I've got the good luck of having bricks that originally paved a nearby street, that is I've got four or five hundred square feet of them (8 1/2 by 3 1/2 inch side up, 4 inches deep).  The previous owner of my home used them to cover the floor of the garage and an area in front of the garage.

I've got the bad luck of having 105 feet of unpaved driveway as I look ahead to shoveling snow for several months, my first months in Canandaigua, New York.

These are big beautiful bricks and I'll seek a permit from the city to incorporate them in a driveway design.  I'm in an historic district, thus approval of anything exterior is required.

My idea for the first part of the driveway is to have it sufficiently wide to allow a car to park and another car to pass on to the garage.  As it is we are blocked in by each visitor or by each other.

I imagine working the bricks into a simple pattern with concrete forming the greatest part of the surface.  Perhaps I'll have concrete on either side of the brick.  This concrete and brick mix may be only used until brick runs out then I may switch to asphalt for the remainder of the driveway.

Two questions:

What is an appropriate driveway width for the double wide length and for the remaining single wide length?

What should I provide for a base for the bricks?

thank you,


----------



## ToolGuy (Dec 10, 2007)

It's a shame to have nice historic bricks hidden away in the garage and I'm glad to know you're pulling them out of there and letting them see daylight. To be honest, though, I doubt the district will approve of three different materials for the driveway. But then, it doesn't hurt to try, right? The bricks would also make a great patio or walkway.

I think 16' feet wide is the norm for 2 cars, but you could go as narrow as 14 as a tight sqeeze for larger cars. 

The base for the pavers is the same for concrete and asphalt - a minimum of 4" compacted gravel on undisturbed or compacted soil. In other words, the driveway plot would be dug down a minimum of 8", and the filled with 4" of gravel. Every 2" the gravel would be tampped (compacted). However, the deeper the gravel the better. It's not uncommon to dig 12" and have 8" of compacted gravel.

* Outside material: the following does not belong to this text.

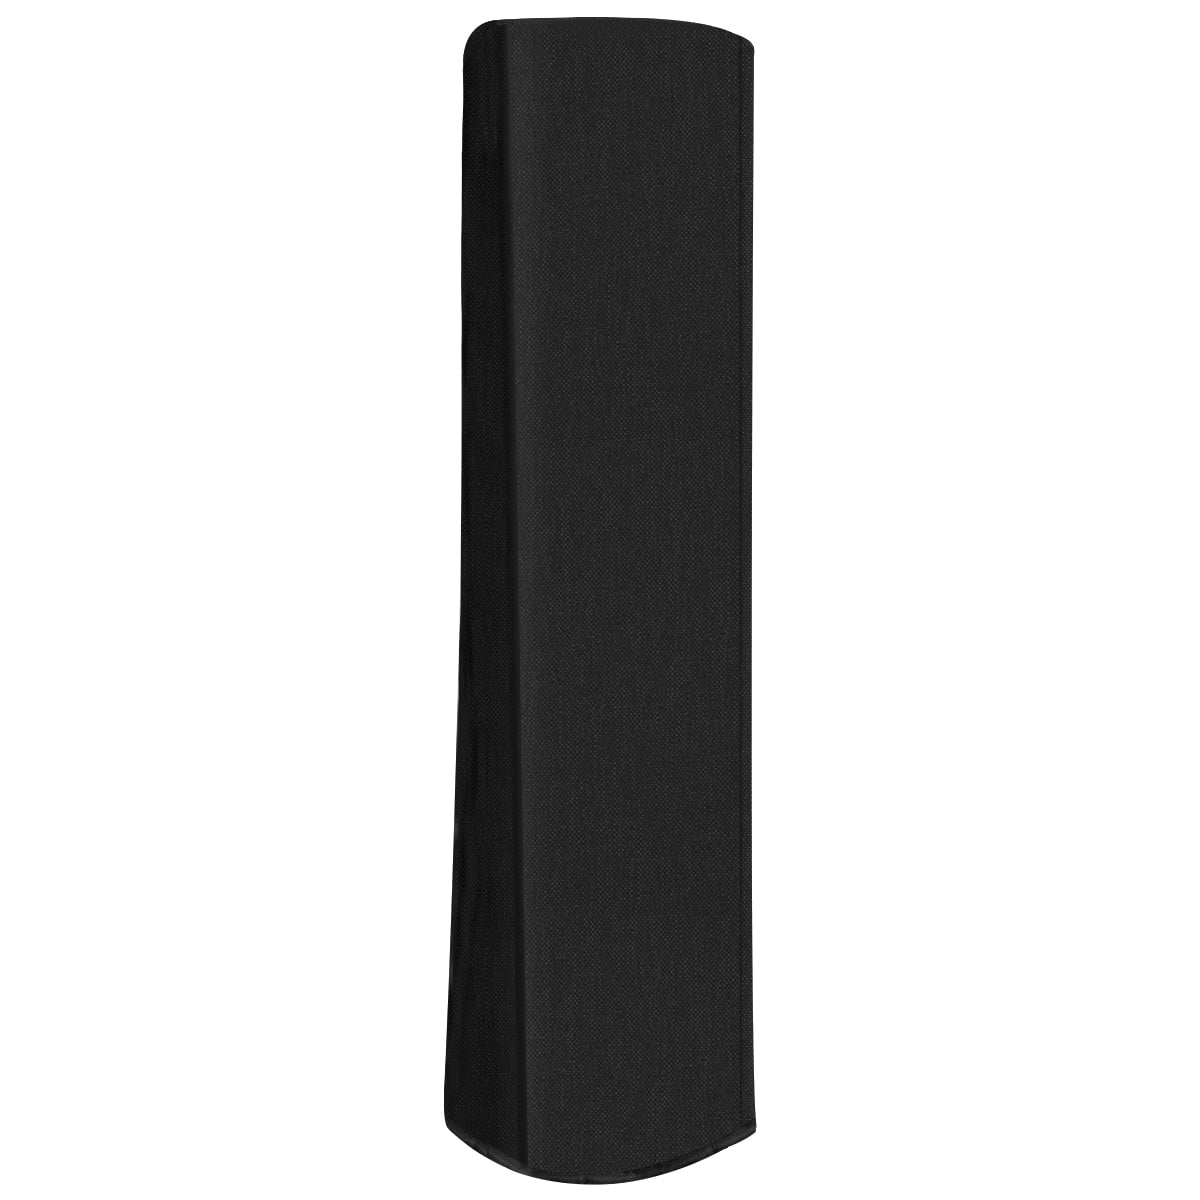 Yunhigh Tall Glass Tube Heater Cover 1 PC;Black Patio Heater Heavy Waterproof Square Dust Cover 
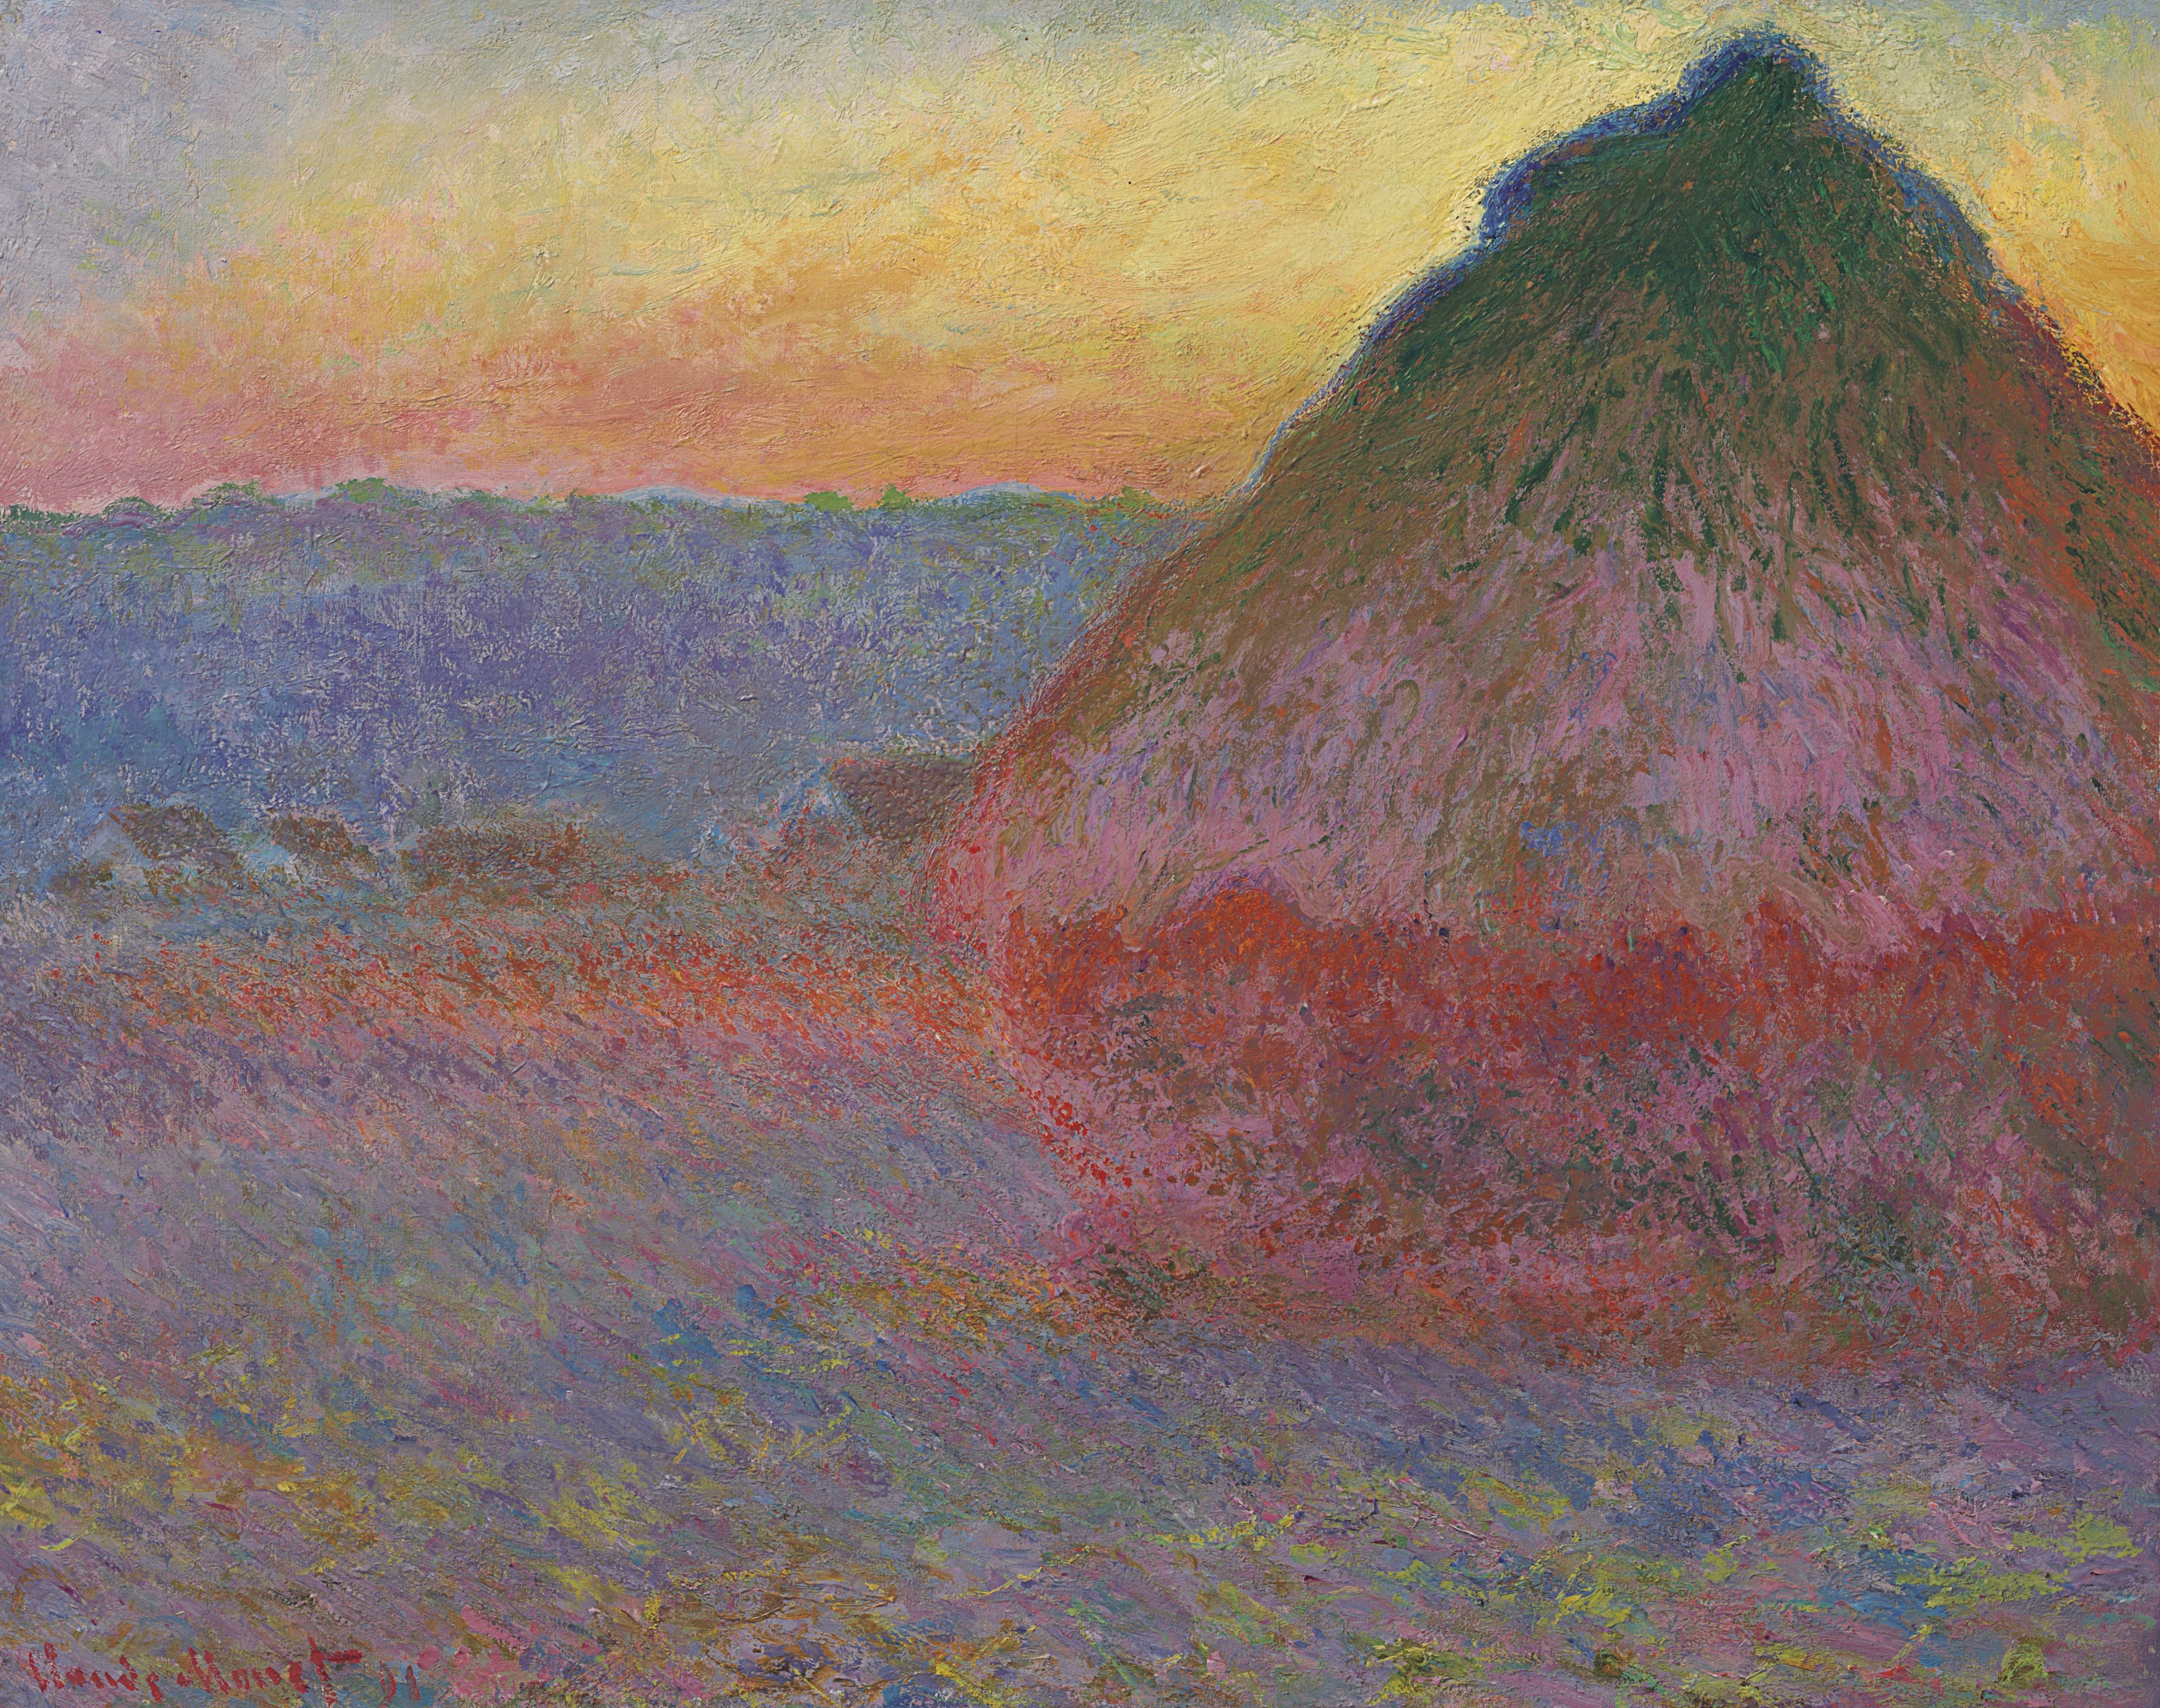 Haystacks by Claude Monet - 1890 private collection

By the way, it would be great if you could share some photos of the project so others can see how it's done, and so we can get a peek at those historic pavers.


----------



## 2Lloyd (Dec 10, 2007)

Well, I will post photographs.  

I guess that it is just as easy as using the "insert image" icon, but I guess that I need to convert the photographs to small files.  

I can do that.  Or do I use the "Manage Attachments" under "Attach Files?"

I am thankful that previous owner took the initiative to save them, although he may have done so just to save money.

My walkway into the house is slate, so we may be dealing with concrete, asphalt, brick and slate .. four materials.


----------



## ToolGuy (Dec 11, 2007)

> concrete, asphalt, brick and slate .. four materials...



I think ecclectic is currently in vogue. 

It would be great to see them.

I think to use the Insert Image icon the file has to be hosted somewhere on the web. If it's located on your computer, you might see it but nobody else will. You could upload them to http://www.flickr.com/ and link to them from there.

The attachment option is somewhat limited - if the file is .jpg format (not jpeg) then you can go up to 97 Kb. 

Hope that helps.


----------